というかキティラーからボカロ化するならリオだけで済ますわけにはいかないわけで、ちょっと無理がある推測だったかなと自分でも思う

ガチャッポイド…… - つちのこ、のこのこ。(はてな番外地)

を本気でやる気かぁ。

ちなみに、AHSではさらに2つのVOCALOLID企画が進行中とのことで、いったいどんなモノが出てくるのか、今後もますます目が離せない…でつな^^

初音ミクみく 出た!公式サイトに「VOCALOID2 猫村いろは」の製品情報

愚直に kittyler01 から

VOCALOID 化して行くということかも*1。
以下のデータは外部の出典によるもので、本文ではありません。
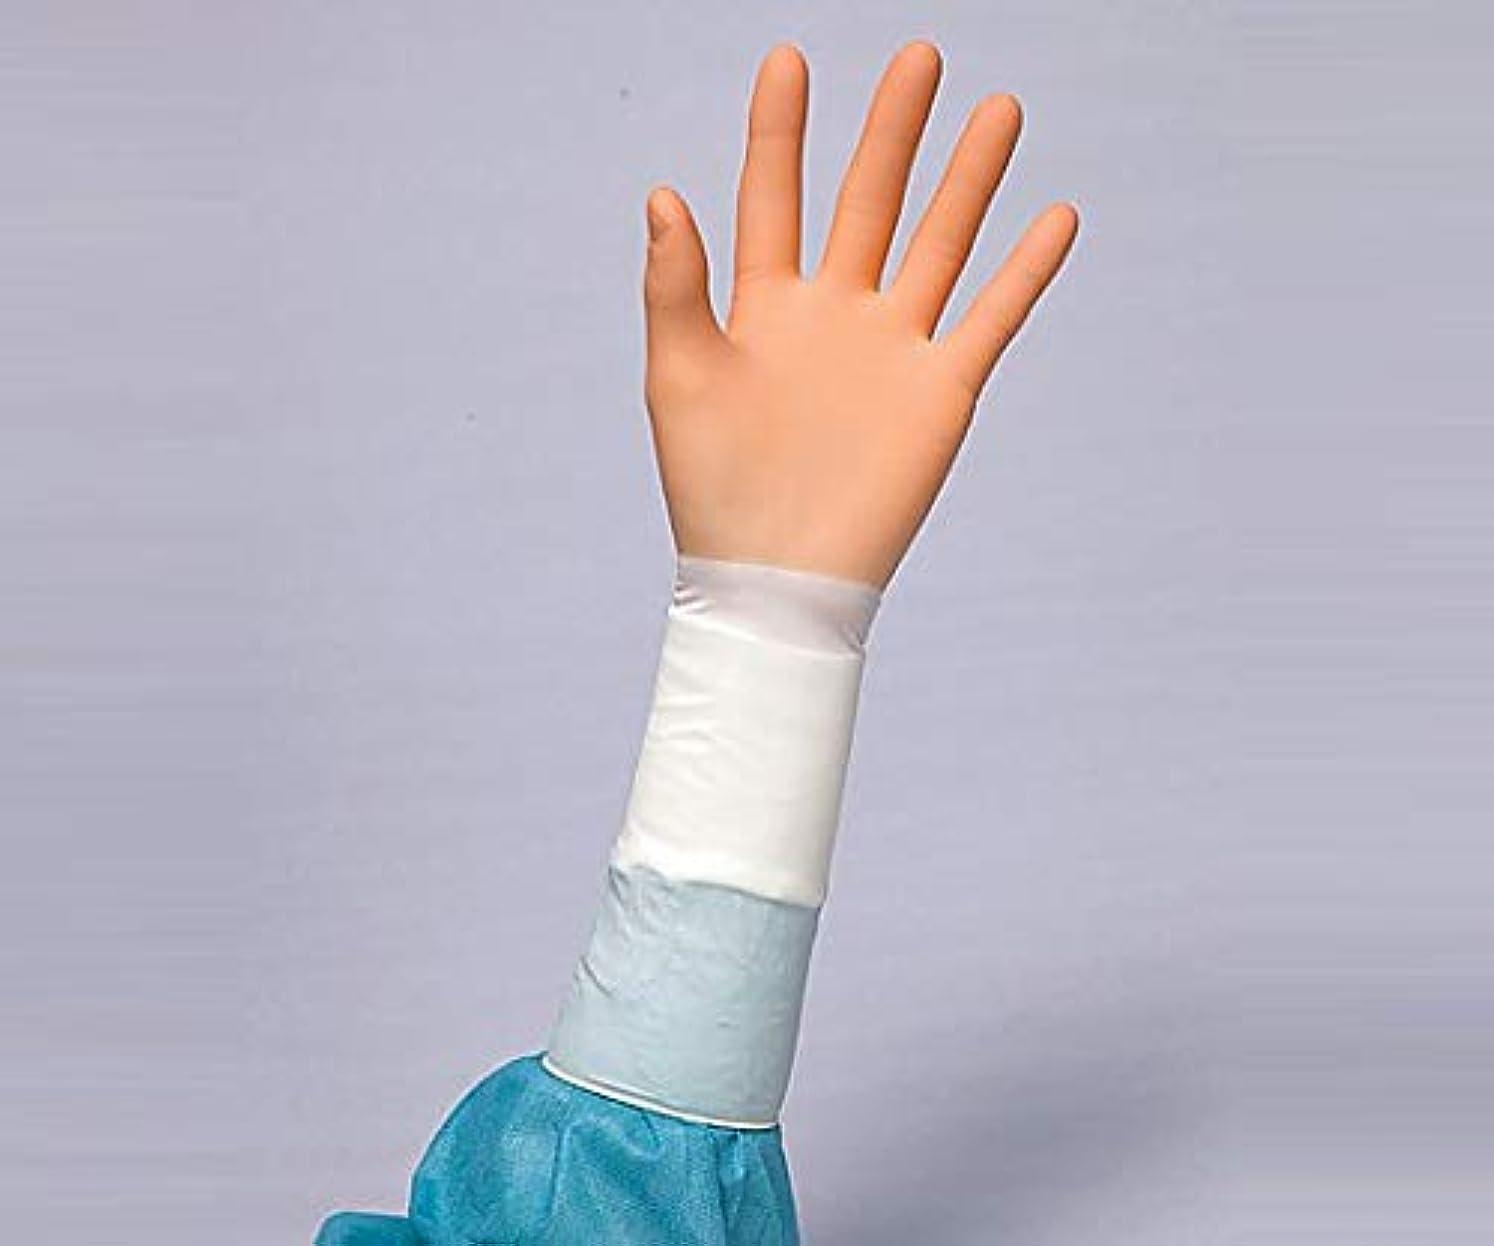 調和軽減間エンブレム手術用手袋PF 20双 7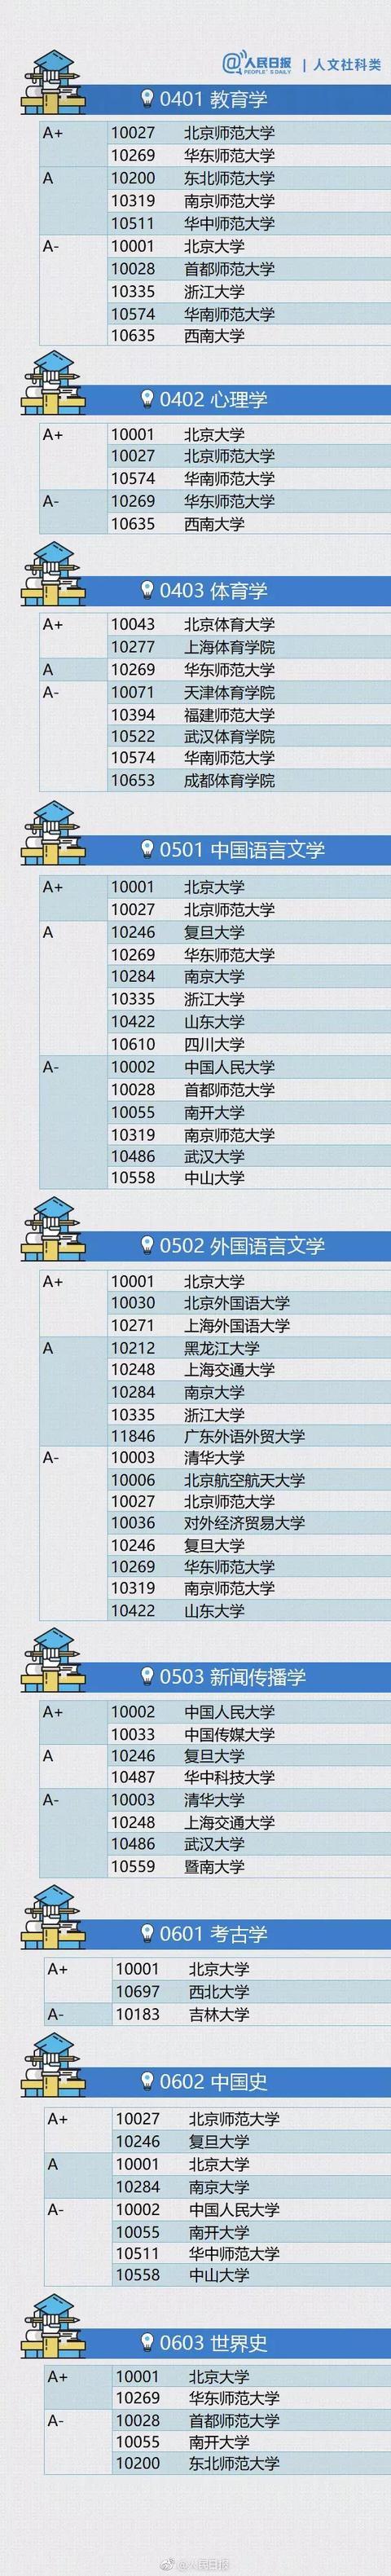 山西志愿填报前必看!最全整理!各专业排名顶尖的大学名单

UTAU 界隈でユーザーサイドでやられていたこと*2をキャラクタービジネスの大御所が本腰入れて始める、と。
辻ちゃん×キティちゃんHAPPY LIFE
ハローキティそのものではなく、キティラーのキャラクター化である「ハローキティといっしょ!」でのコラボだ、という時点で気づいていてしかるべきでした。自分の不明を恥じるばかり。

キティラー、つまりキティちゃんファンのメインは女の子*3であって、これは例えば AKB48 あたり女子のファンが多い、というのと同様の「自分を重ねられるアイドル」その具現化。イラスト描いて良し歌わせて良しコスプレして良し、そして MikuMikuDance で踊らせて良し。

ニコニコ動画界隈での御三家、つまり東方*4アイマス*5ボカロ*6の楽しみ全てを兼ね備え、そしてメインターゲットは女子。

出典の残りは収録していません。